Thanks the suggestions @fabrice.etanchaud! I’ve seen Datavault come up a few times so this is a good prompt to read a bit further into it, and I’ve saved the blog post for weekend reading!

I also received a few more suggestions on the dbt Slack:

  • Sean C: I’ve found Agile Data Warehouse Design is a good book for this. Half of it is about the process of working with stakeholders and designing models. And then the other half is about design patterns for common types of dimensions. (a few people agreed on this one)
  • Jeff A: I LOVE Mastering Data Modeling: A User Driven Approach for getting a firm understanding how (and how well) a data model maps data to reality and vice versa. It was the book that made data modeling “click” for me. After that the Kimball stuff made much more sense.

There was some more discussion on the original Slack thread, Dave says:

Kimball is still relevant, it’s also worth learning about Inmon and about Data Vault and plain old transactional database modelling. The core parts of Kimball are

  1. semantic layer - converting technical naming into business-aligned naming.
  2. De-normalizing as appropriate
  3. laser focus on business perspective

What I don’t think is so useful is when people read all the technical parts and develop a fixation on the perfect one-size-fits-all-queries star/snowflake schema. There’s some context around when a lot of that was written, mainly to do with the limitations of database technology. Much of it is still relevant, the laws of physics haven’t changed, but some things can be relaxed now.
For example it’s not such a big deal to store multiple redundant copies of denormalized tables that are aggregated in different ways or at different granularities.
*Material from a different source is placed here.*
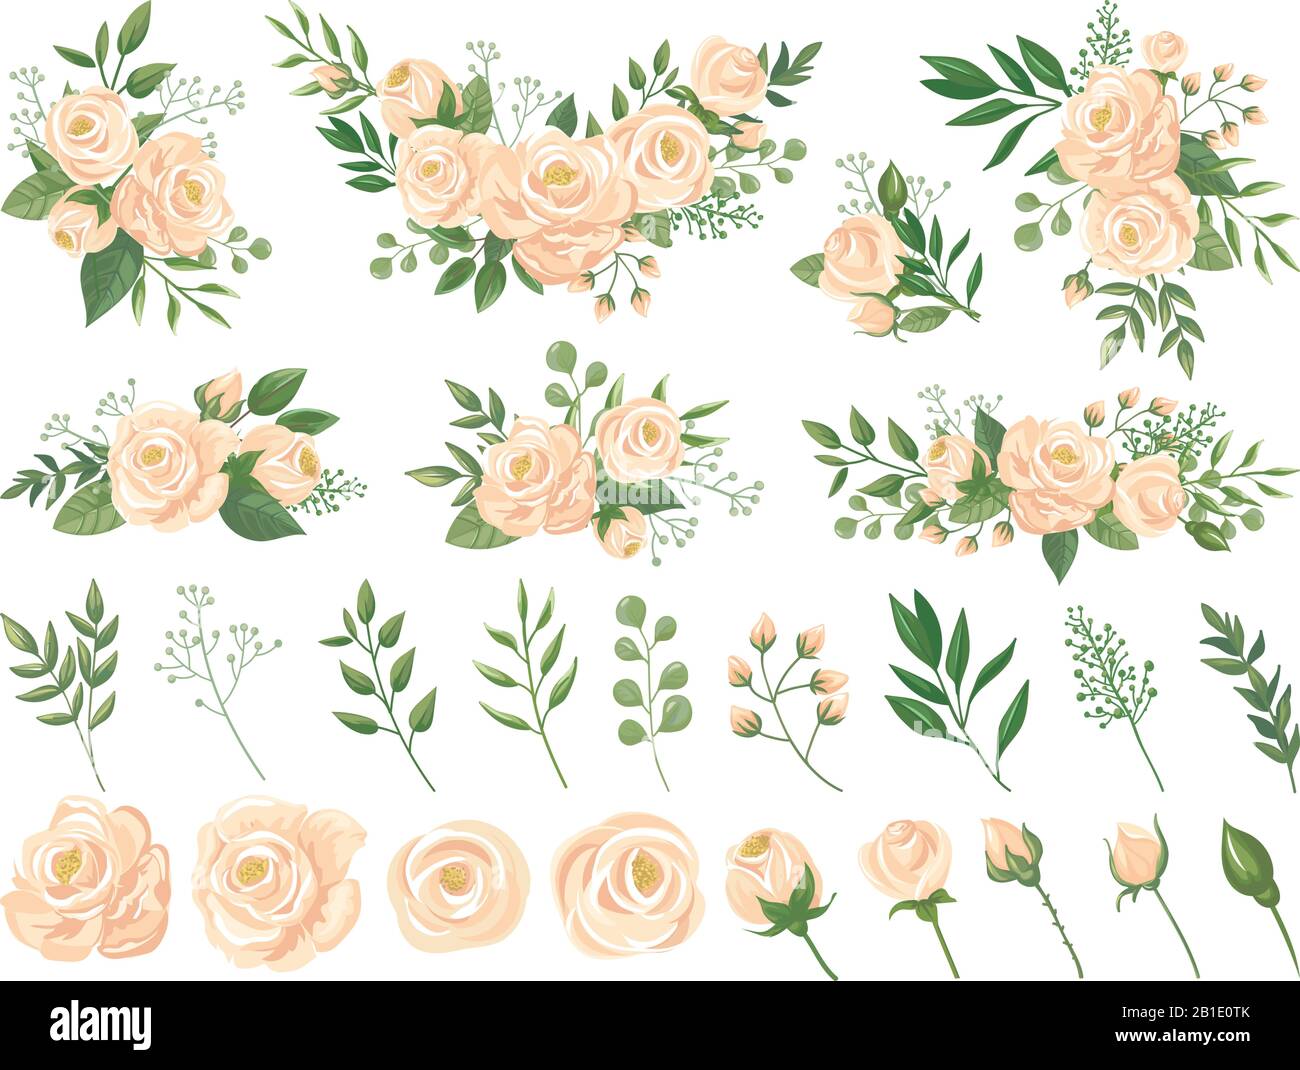 Bouquet floreale. Fiori di rosa, bouquet di rose da giardinaggio e boccioli di fiori di colori pastello con petali cartone animato set di illustrazioni vettoriali Illustrazione Vettoriale

Especially with cloud based systems like Redshift Spectrum, Athena, Snowflake etc storing the data on blob storage is virtually unlimited and relatively cheap.
I also think it is valuable to realise that if you do create a one-size-fits-all data warehouse then it will not be optimised for any particular use-case. It will be a bit lowest-common-denominator. You can spend months and months trying to build something “perfect” like that and then discover the 5 -10 really important use cases don’t run quickly at all.
One place where dim / fact tables can clash with MPP architecture is that you really want to avoid shuffling between nodes. It’s always going to be faster to have zero joins in a query because a single table can be partitioned across nodes and queries parallelised easily… assuming queries use predicates that are in sympathy with the partitioning strategy. That said, small dimension tables can be stored redundantly in full, on each node, with larger fact tables partitioned across multiple nodes. Co-located (merge) joins are faster, but not as fast as no joins. And as soon as you get complex subqueries then the query engine no longer has sorting guarantees (and hence merge joins) and colocation can’t be relied on either.
What remains is the laser focus on the business requirements. An architecture that is a bit messy and organic, but has some denormalized datamart-style tables is going to be more useful more quickly than a full blown data warehouse.
If you do have extensive data lineage and auditing requirements, then certainly using Data Vault as an intermediary storage will be well worth the additional development time required.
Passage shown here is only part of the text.